DATA EXCERPT section start

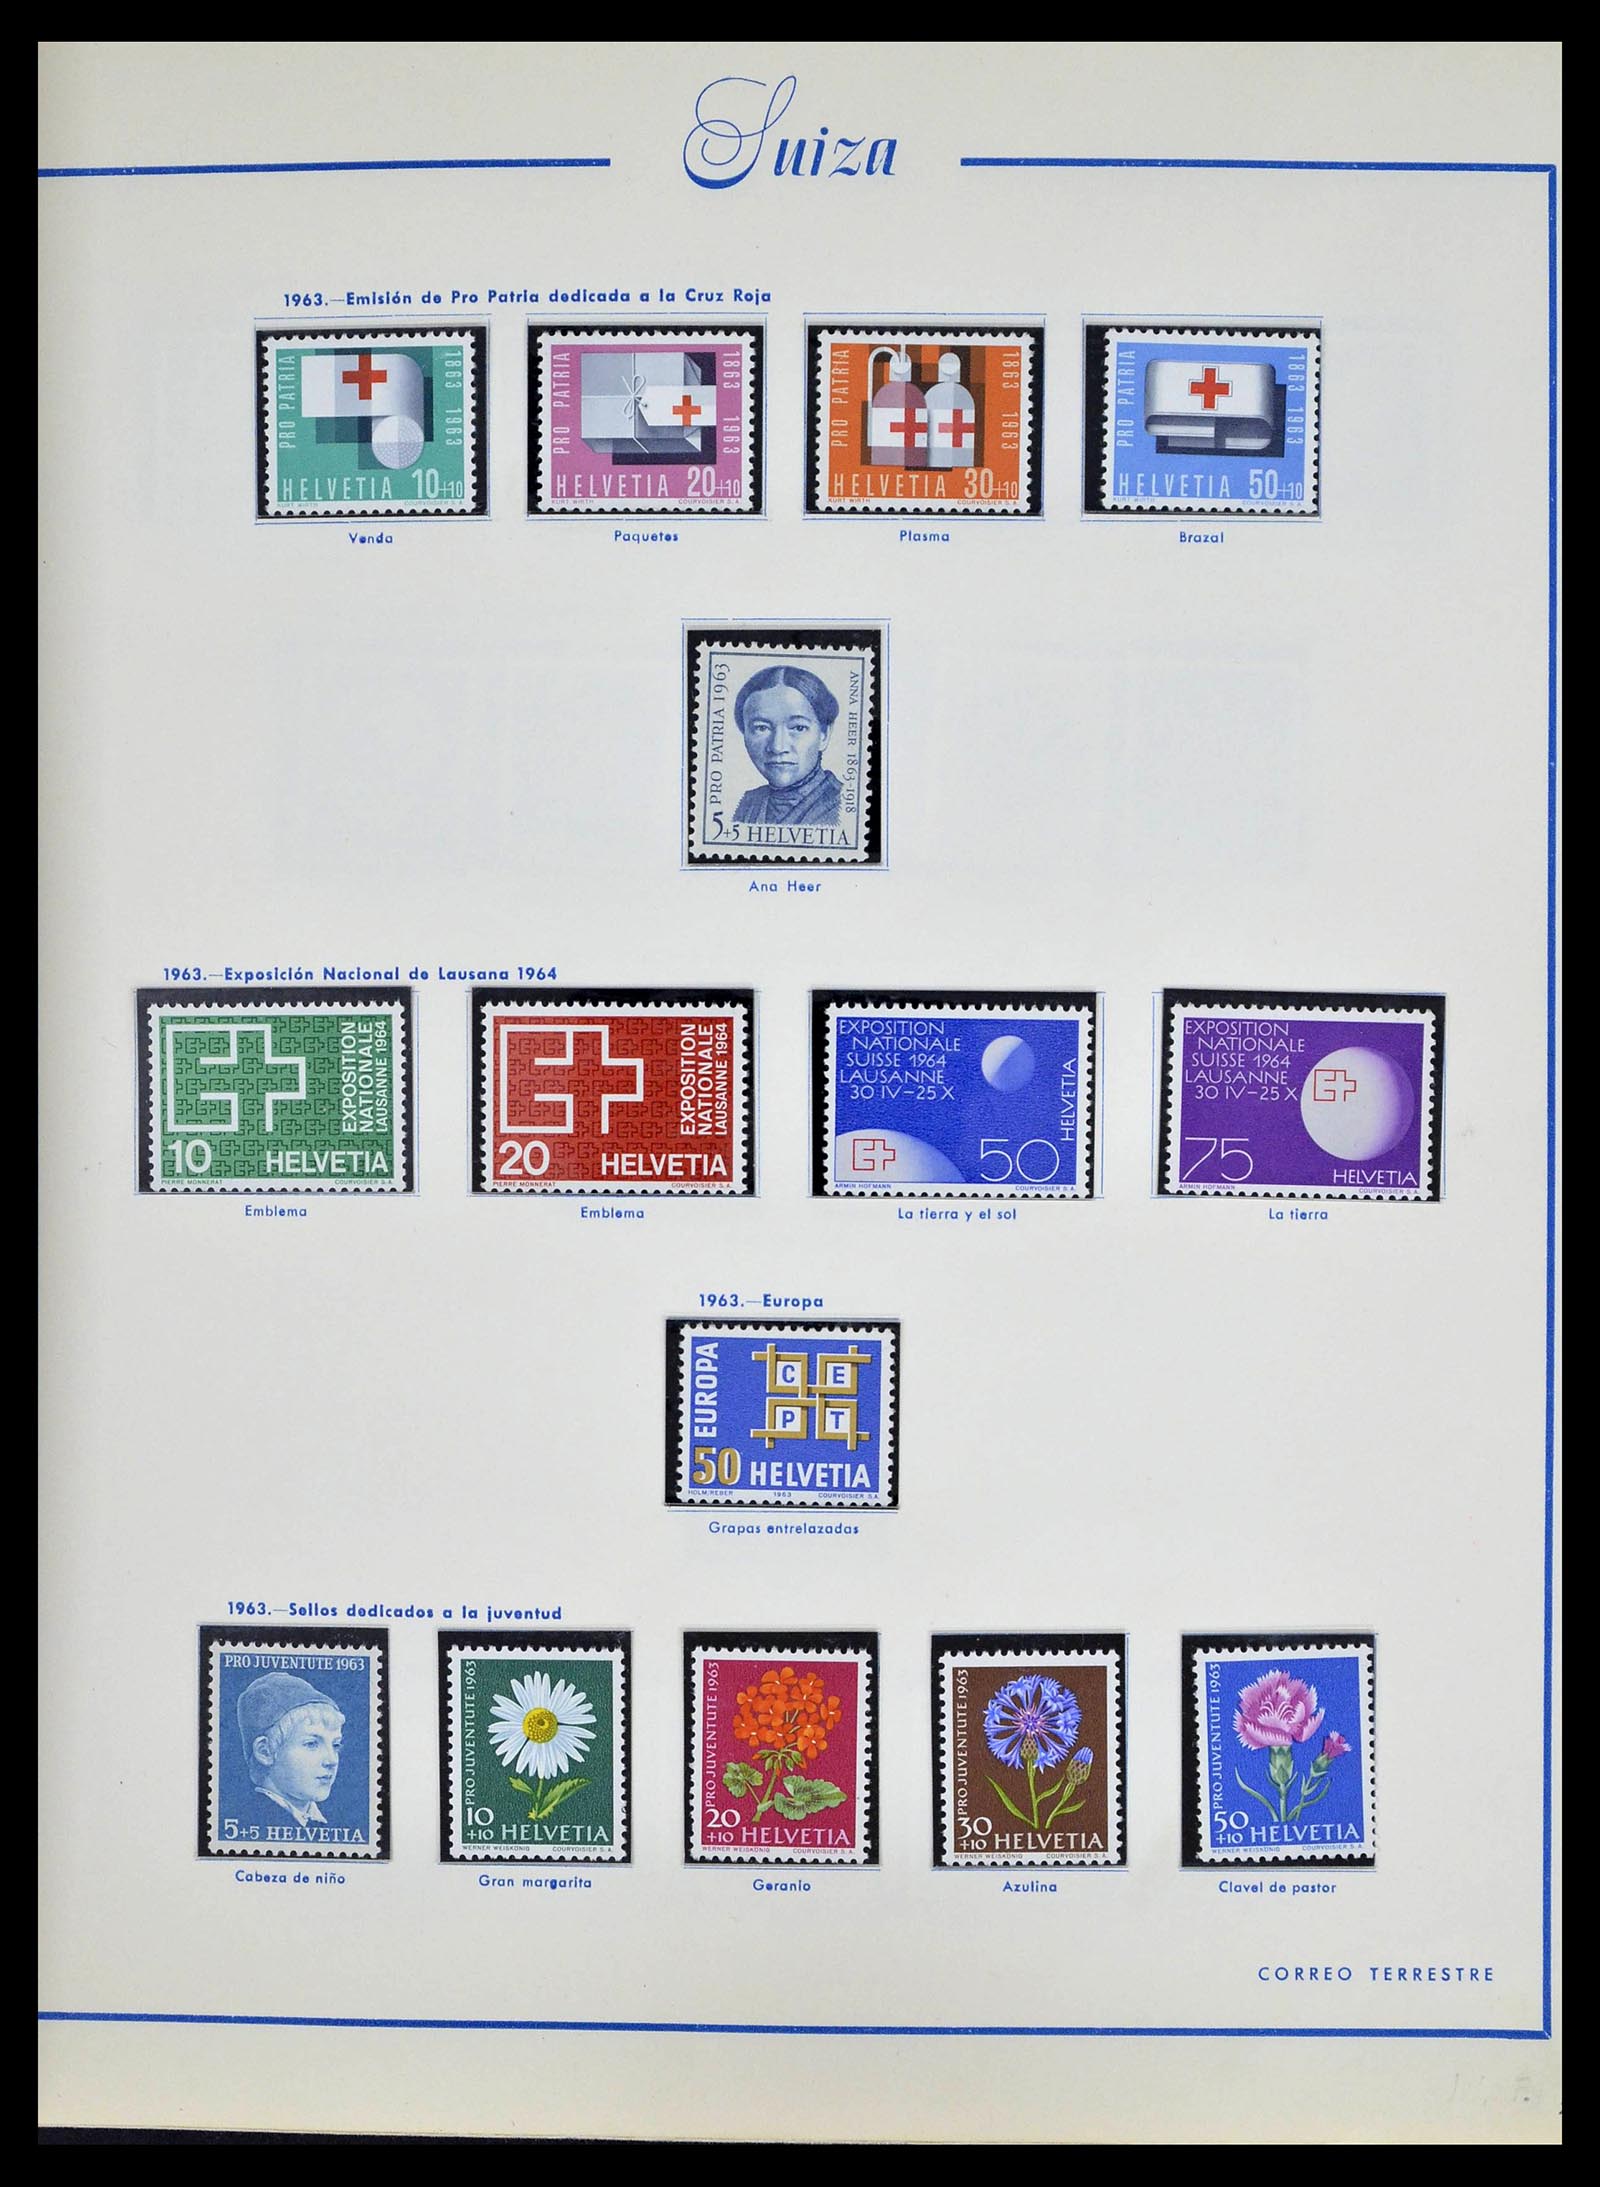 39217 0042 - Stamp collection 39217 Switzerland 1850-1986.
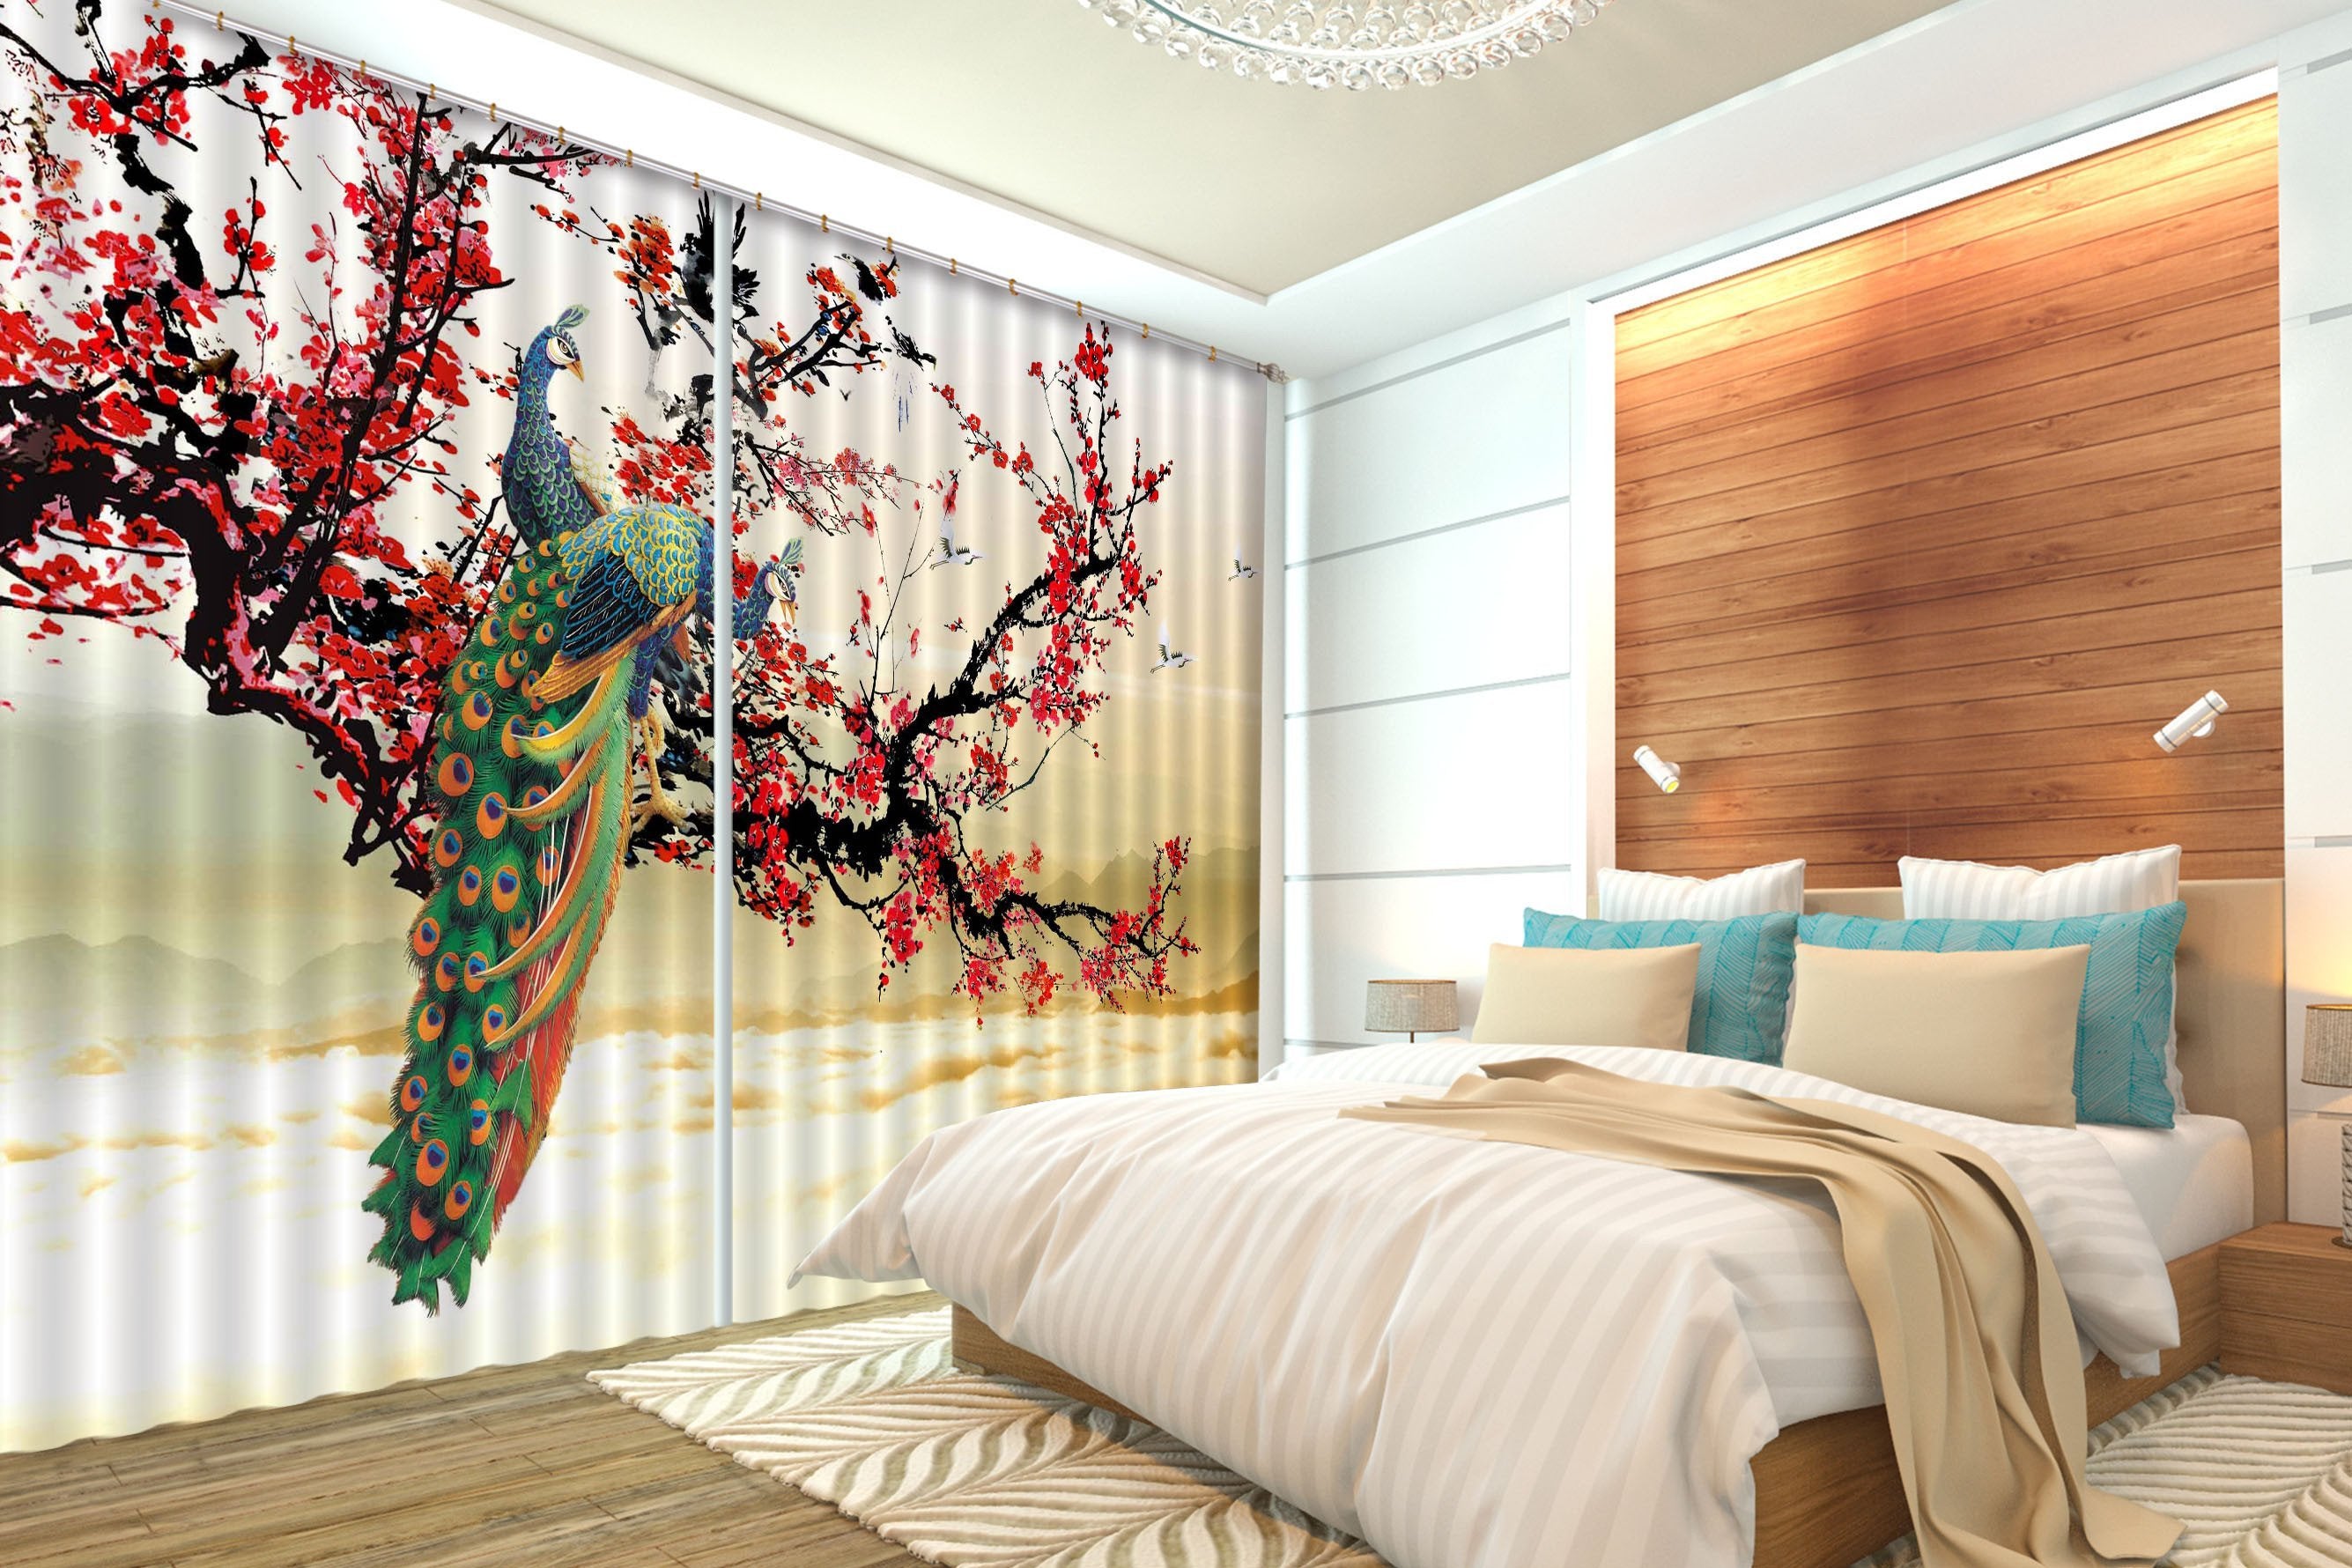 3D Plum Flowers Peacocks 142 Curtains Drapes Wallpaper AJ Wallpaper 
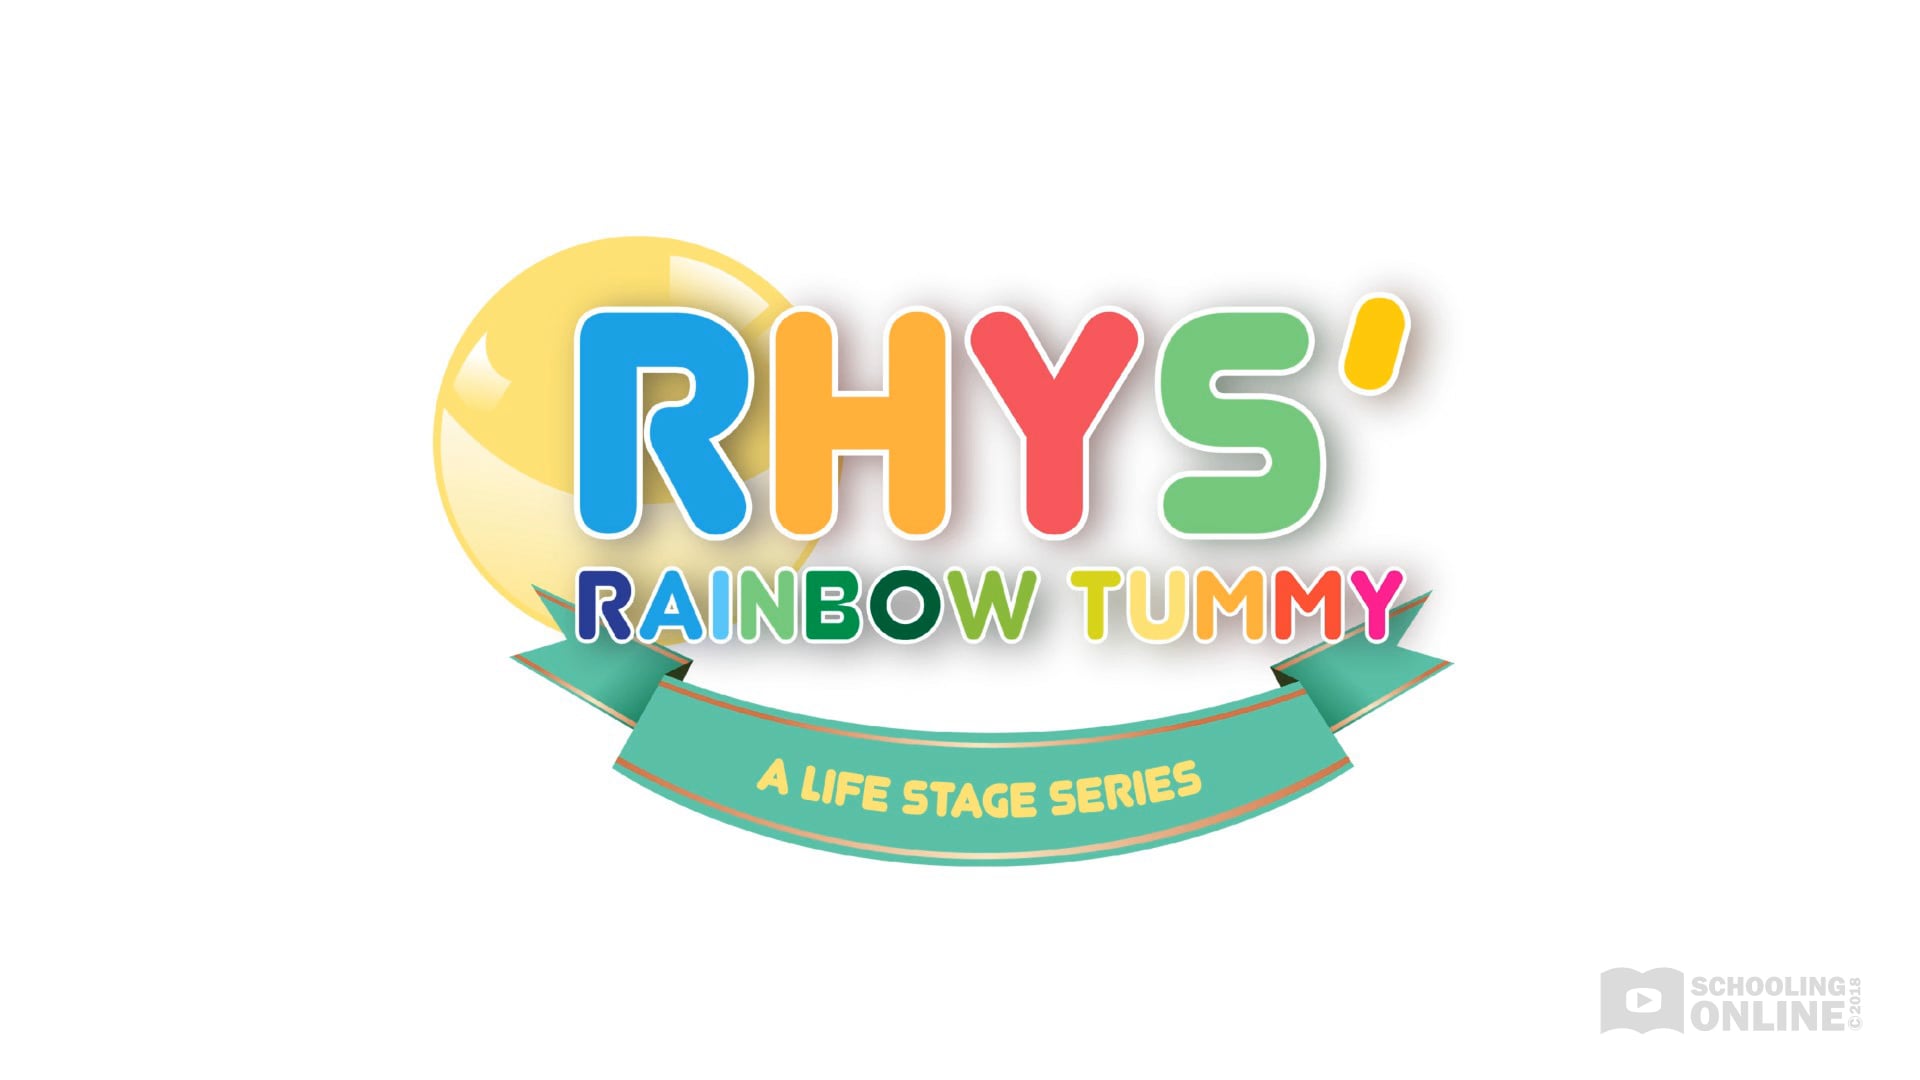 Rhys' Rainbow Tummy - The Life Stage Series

DATA EXCERPT section end

THE TASK:
Once more, give the listing above exactly, leaving each picture out.

TASK OUTPUT:
 39217 0042 - Stamp collection 39217 Switzerland 1850-1986.
 3D Plum Flowers Peacocks 142 Curtains Drapes Wallpaper AJ Wallpaper 
 Rhys' Rainbow Tummy - The Life Stage Series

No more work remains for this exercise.